He smiled, watching the tenderness with which she stroked the horse's head. He turned to the footman and walked with him into the house.

"Was he shown into my study, Connor?"

"He was. Lady Constance is with him."

Lord Crofton groaned. Constance, his late wife's sister, had arrived two years before to help him run the household. He hadn't realized his wife had been Jezebel's sibling.

"Connor, how is your Mother now?"

Connor's face broke into a smile. "Much better, Sir. Thank you for sending the physician last night. She was sitting up this morning drinking some broth."

"Great news, Connor, great news," Lord Crofton laughed as they parted ways.

From the open doorway of his study, he watched Constance scrutinise her latest victim. Arms folded, her dark eyes boring into the messenger, she listened then jabbed a finger at his chest and spoke in a hushed staccato tone. He stepped back, looked at his feet then returned her gaze. Lord Crofton smiled and cleared his throat. The messenger faced him with a relieved smile while Constance threw her eyes up to heaven and muttered under her breath.

As he joined them, the messenger bowed. "My lord, the Home Office is warning all the Landlords of unrest among the peasantry. There have been atrocities against the gentry in Ulster. We fear it could spread."

"Surely not in the Pale?"

"Perhaps not, Sir, but I might remind you that you are on the edge of it. The Home Office instructs that we should take this threat seriously."

Lord Crofton nodded. "Thank you, Sir. Constance, can you see that this man gets some refreshment. I take it your task has only begun?"

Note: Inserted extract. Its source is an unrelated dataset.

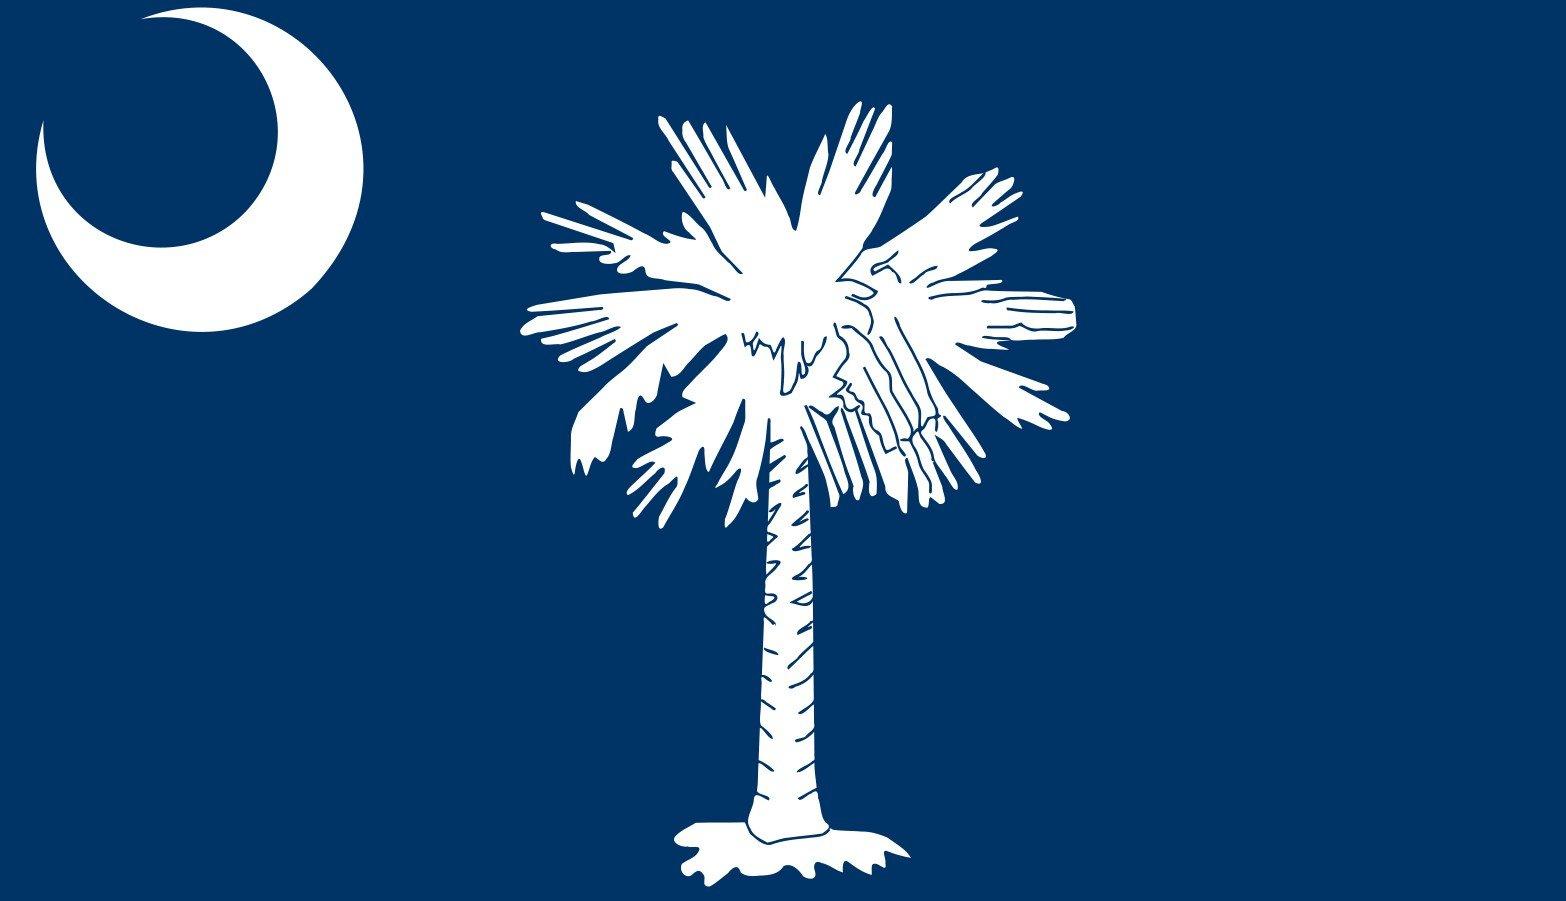 South Carolina State flag. (Source: AP Images)

"You are quite right, my Lord. Thank you."

Lord Crofton left them and walked towards the back door when an all too familiar screech gave him pause.


He sighed and faced Constance as she caught up with him.

"You can't ignore the warning."

He pulled her into an empty room and shut the door. "Constance, we have nothing to fear. I can hardly blame the people from rising up. Some of our peers treat them horrendously. These mass evictions must stop."

Constance's face turned red as she threw her arms up. "There you go with your politics again." She pointed at his chest. "You've turned on your own by joining that Home Rule movement." She stepped in close, her voice rising. "As for Parnell's land reform, I am appalled you have embraced that."

He stood up straight clenching his hands into fists. "I haven't turned on my own." He pointed at his chest. "I'd like to remind you that I am an Irish Lord. My family has lived here for four generations. These 'peasants' are my people and I have nothing to fear from them."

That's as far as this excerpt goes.